Astorre Baglioni (conosciuto anche come Astorre II) è stato un fenomenale uomo d’arme, sovraintendente alle fortificazioni, politico e poeta del XVI secolo.
La sua monografia di Astorre Baglioni, contenuta nel volume I Padroni dell’Acciaio (l’immagine di copertina è opera di Francesco Saverio Ferrara, coautore del libro), è stata una delle più sfidanti e, nel complesso, la più emozionante. Non capita spesso, infatti, di imbattersi in un personaggio dal carattere così sfaccettato, capace di unire la violenza della guerra all’amore per la poesia, la temperanza di un grande condottiero agli scoppi d’ira di un giovane ribelle.

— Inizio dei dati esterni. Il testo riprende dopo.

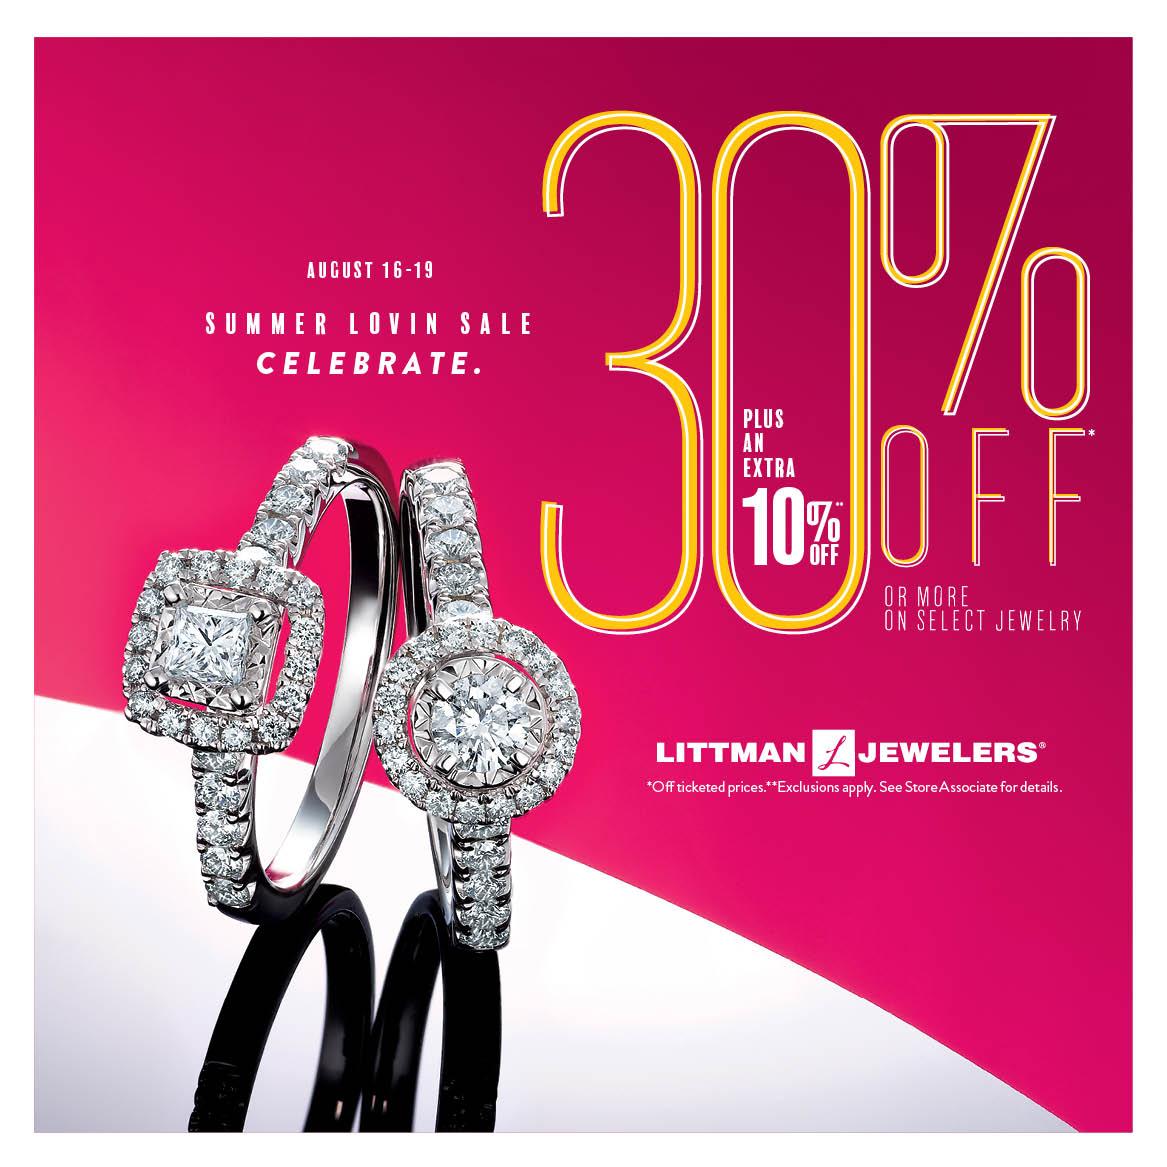 littman jewelers 30% off sale

L’articolo che troverete fra poche righe è stato tratto interamente dai Padroni dell’Acciaio, ed è relativo a una delle imprese meno conosciute di Astorre Baglioni. A meno di vent’anni, durante il primo periodo di permanenza a Roma, il Baglioni si innamora di Ginevra Salviati, nipote di Caterina de’ Medici (che sarà Regina di Francia). L’amore è pienamente ricambiato, ma Astorre appartiene alla nobiltà provinciale e manca del patrimonio richiesto per chiedere la mano di una Salviati. Per fare bottino e accrescere il suo patrimonio decide quindi, nel 1550, di partecipare a una spedizione contro le basi del più capace corsaro ottomano, Dragut:
Le finanze del Baglioni però non gli permettono ancora di chiedere la mano di Ginevra Salviati, di cui è rimasto follemente innamorato. I sentimenti profondi che prova nei confronti della donna lo spingono a mettere subito a frutto le capacità che ha maturato nel corso degli ultimi anni.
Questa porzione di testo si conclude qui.